DYNAMIC PRODUCTION PLANNING WITH SUBCONTRACTING.

Abstract

This research is concerned with scheduling production over a finite planning horizon in a capacitated manufacturing facility. It is assumed that a second source of supply is available by means of subcontracting and that the demand varies over time. The problem is to establish the production level in the facility and/or the ordering quantity from the subcontractor for each period in the planning horizon. Firstly, the cost functions are analyzed and two types of realistic production cost models are identified. Then mathematical models are developed for two different problems. One is a single criterion problem aimed at minimizing the total production and inventory costs.

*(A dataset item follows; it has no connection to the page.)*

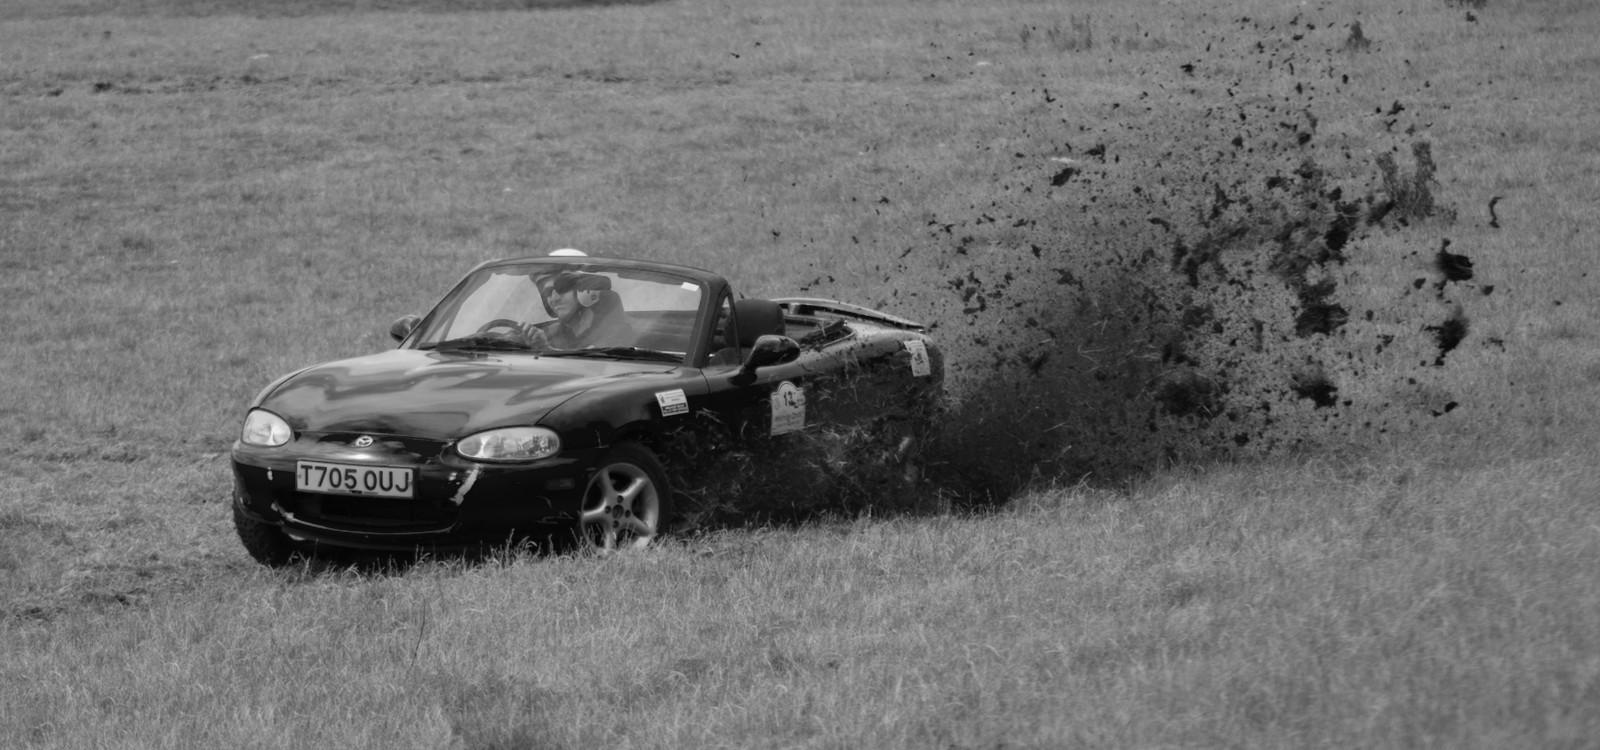 Throwing Up Dirt - J Harkness

The other is a bicriterion problem which seeks the efficient frontier with respect to the total cost and the number of subcontractings, both to be minimized, over the planning horizon. For each of the above, two methods, namely, a general dynamic programming approach and an improved dynamic programming approach (Shortest path method) are presented. Several results are obtained for reducing the computations in solving these problems. Based on these results, algorithms are developed for both problems. The computational complexity of these algorithms are also analyzed. Two heuristic rules are then suggested for obtaining near-optimal solutions to the first problem with lesser computation. Both rules have been tested extensively and the results indicate advantages of using them. One of these rules is useful for solving the uncapacitated problem faster without losing optimality. The above results are then extended to other cases where some of the assumptions in the original problem are relaxed. Finally, we studied the multi-item lot-sizing problem with the subcontracting option and proposed a heuristic for solving the problem by the Lagrangean relaxation approach. We demonstrated that with an additional capacity constraint in the dual problem the feasible solution and the lower bound obtained during each iteration converge much faster than without it. After testing some randomly generated problems we found that most of the solutions obtained from the heuristic are very close to the best lower bound obtained from the dual problem within a limited number of iterations.